FOM: response to Shipman

Stephen G Simpson simpson at math.psu.edu
Tue Aug 25 09:09:33 EDT 1998


JoeShipman at aol.com writes:

 > I believe that the situation is the same for higher degrees: that
 > is, that no natural example is known of a set whose degree of
 > unsolvability is not in {0, 0', 0'', ....} [where the ....'s run
 > through recursive ordinals], except for sets whose degree is
 > obviously greater than all of these.

I think this can be extended even farther, at least through the Turing
degrees of constructible reals, using Jensen's master codes.  The
appropriate hierarchy 0^alpha, alpha < omega_1^L (L = the
constructible universe of G"odel) is discussed e.g. in my paper

    Stephen G. Simpson, The hierarchy based on the jump operator, in:
    Kleene Symposium, edited by J. Barwise, H. J. Keisler and
    K. Kunen, North-Holland, Amsterdam, 1980, pp. 203-212.

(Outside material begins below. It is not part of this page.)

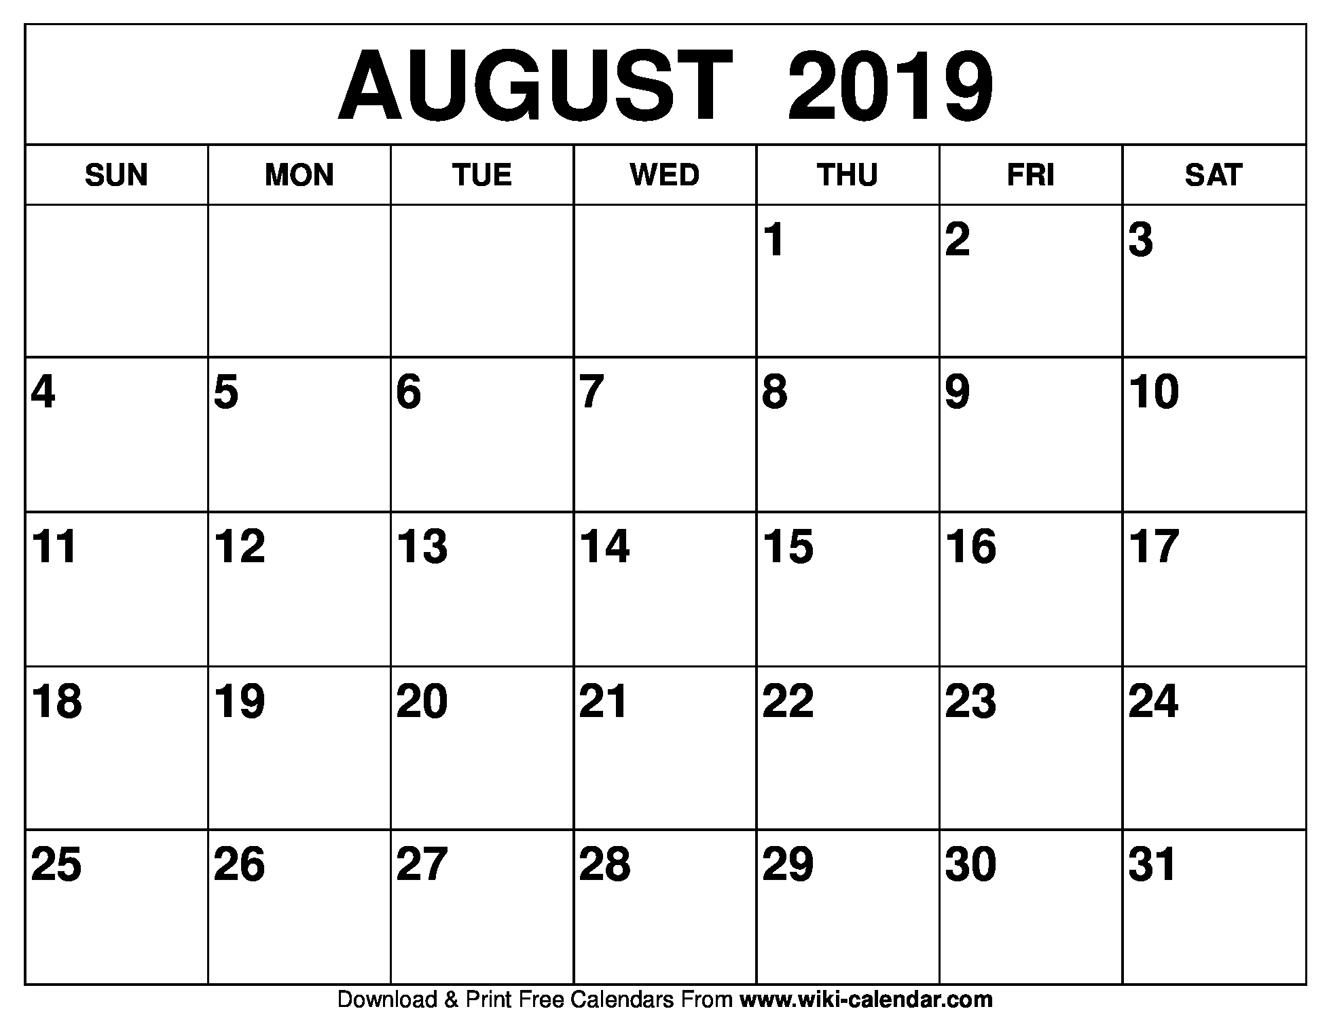 Blank August 2019 Calendar Printable within Blank August Colorful Calendar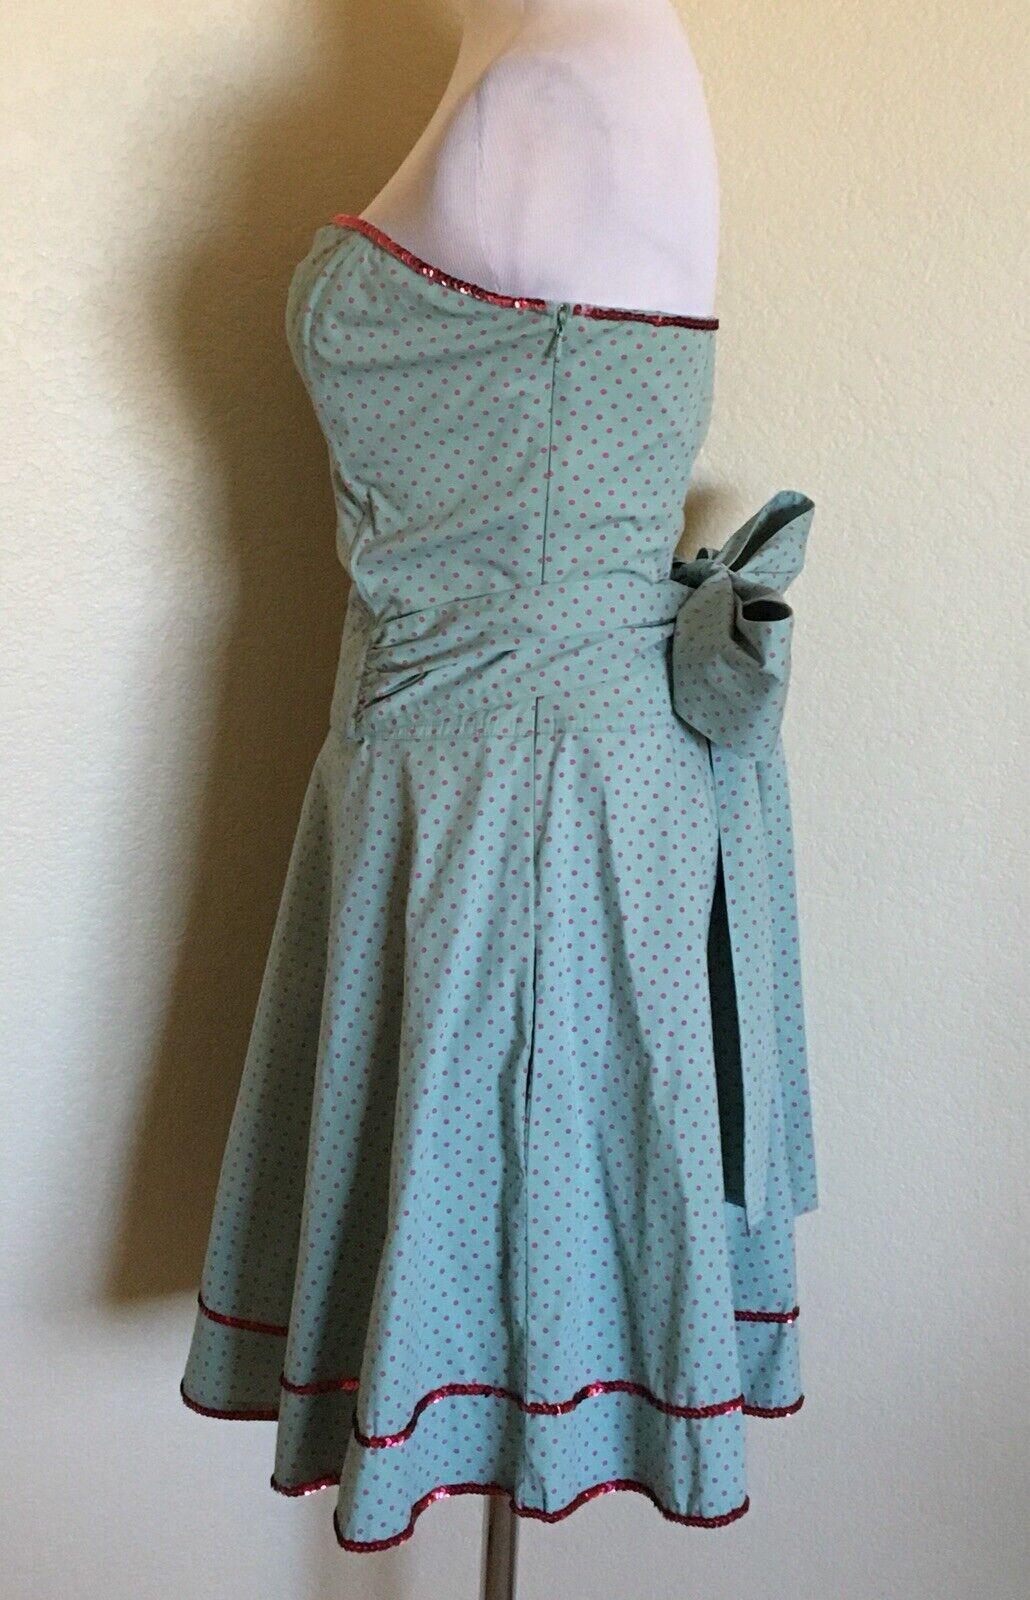 BETSEY JOHNSON NEW YORK Dress Size 6  bluee & Pink Polka dot Fit & Flare

It probably extends still farther under large cardinal hypotheses,
using more recent fine structure results of Steel and others.

 > to legitimately classify both computational complexity theory and
 > recursion theory under the name "computability theory" without
 > offending anyone one had better be a respected researcher in BOTH
 > areas; such researchers exist and their conclusive opinion on this
 > terminological controversy is awaited)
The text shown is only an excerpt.